MIT Technology Review reports:

China’s top academic institutions are actively encouraging students to master AI as an essential 21st-century skill. Use of gen AI on campus has become nearly universal, with just 1% of university faculty and students reporting they never use AI tools in their studies or work. Nearly 60% said they used them multiple times a day or several times a week. A review of 46 top Chinese universities reveals almost all have added interdisciplinary AI general-education classes, AI-related degree programs, and AI literacy modules within the past year.
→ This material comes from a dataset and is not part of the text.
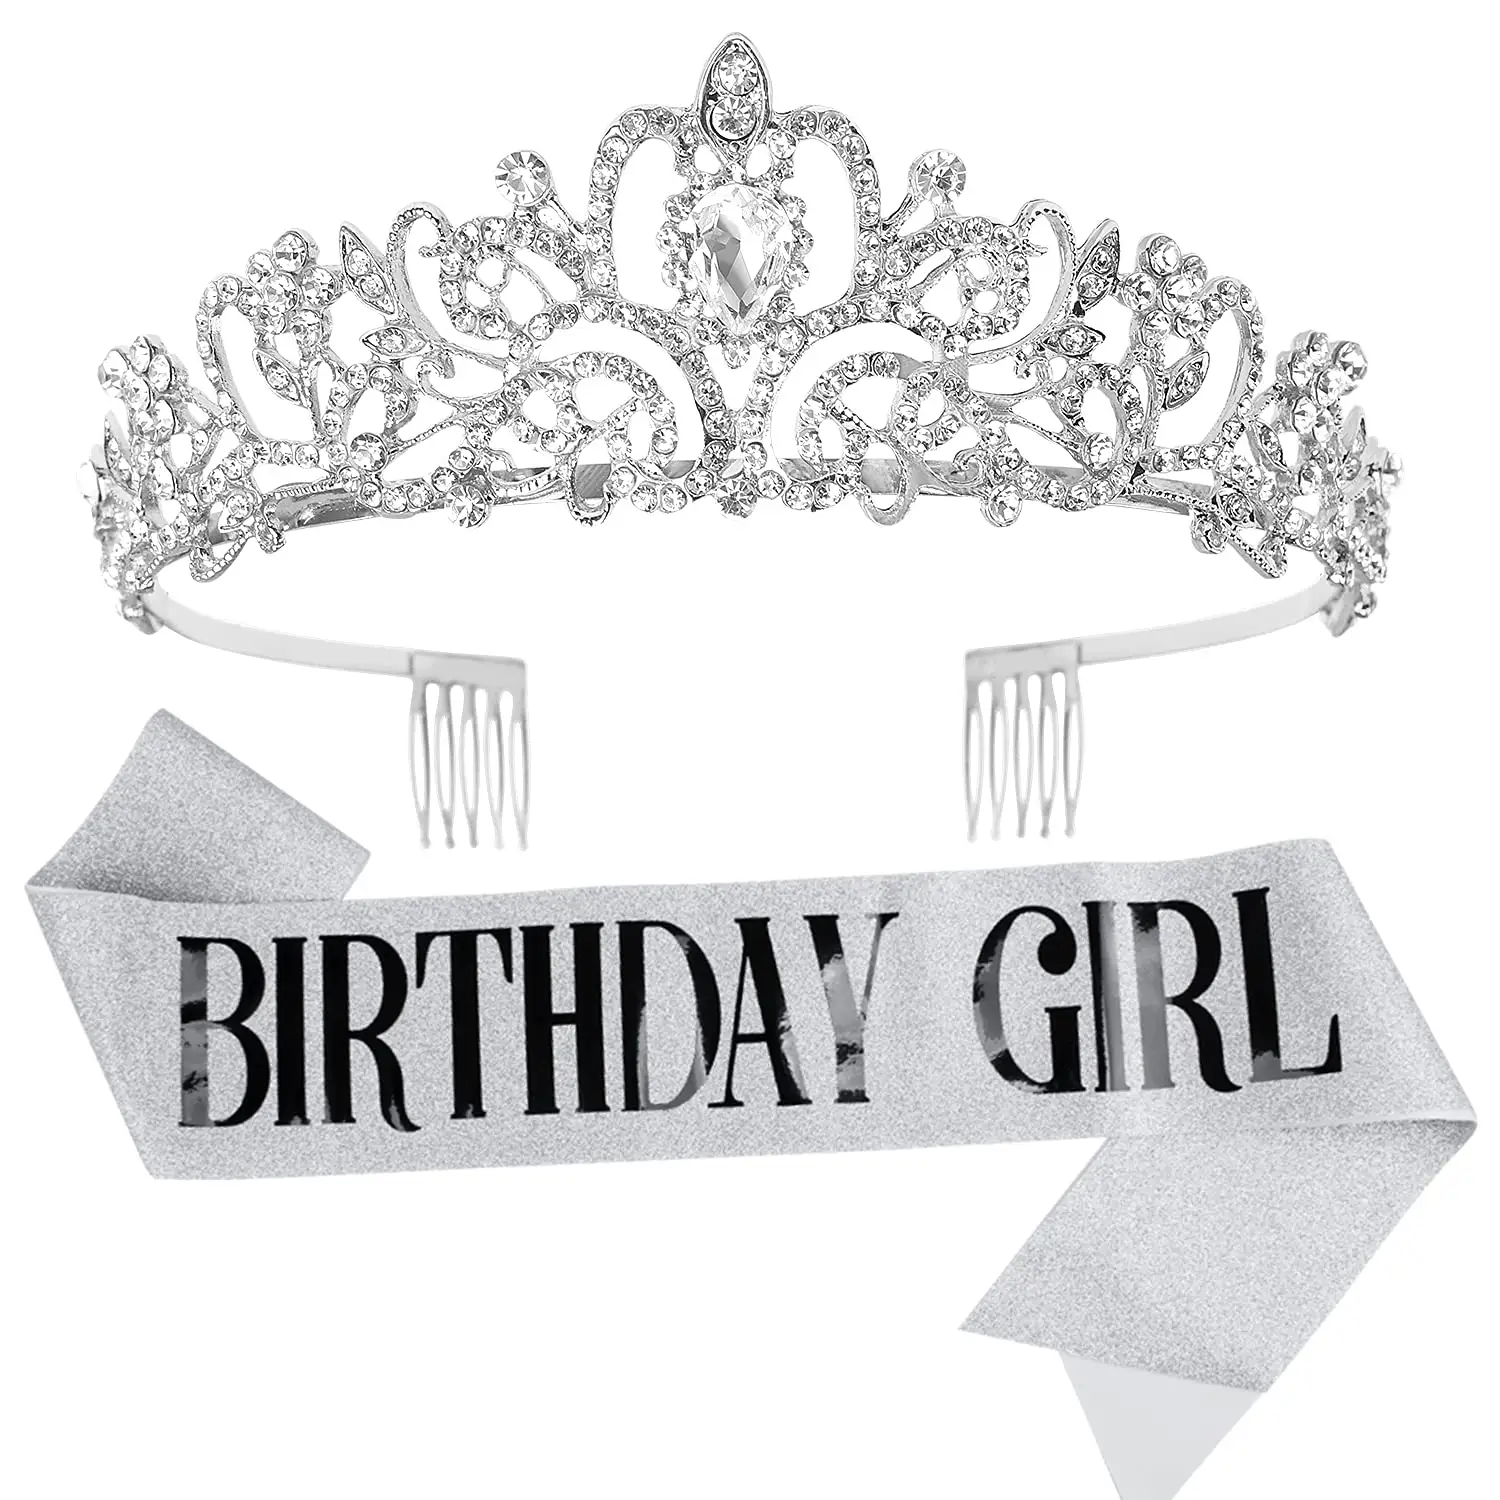 Birthday Girl Sash & Crown Tiara Kit - Black Glitter Birthday girl queen Sash regali per le donne forniture per feste di compleanno

This represents a systematic, institution-wide transformation. 80% of job openings available to graduates listed AI-related skills as a plus in 2025

While Western universities continue to grapple with the challenges of student AI use, wrestling with concerns about academic integrity and the future of education, China’s top academic institutions have taken a dramatically different approach. They’re not just tolerating AI—they’re actively encouraging students to master it as an essential 21st-century skill.

This philosophical divide represents one of the most significant cultural and educational differences emerging in the global AI era. Where Western educators often view AI as a threat to be managed, Chinese universities increasingly treat it as a competitive advantage to be cultivated.

From Underground to Mainstream

The transformation has been remarkably swift. Just two years ago, Chinese students like Lorraine He, now a 24-year-old law student, were explicitly warned against using AI for assignments. Students had to buy mirror-site versions of ChatGPT from secondhand marketplaces to circumvent national restrictions. The technology was widely used but barely tolerated, often generating disapproval from faculty.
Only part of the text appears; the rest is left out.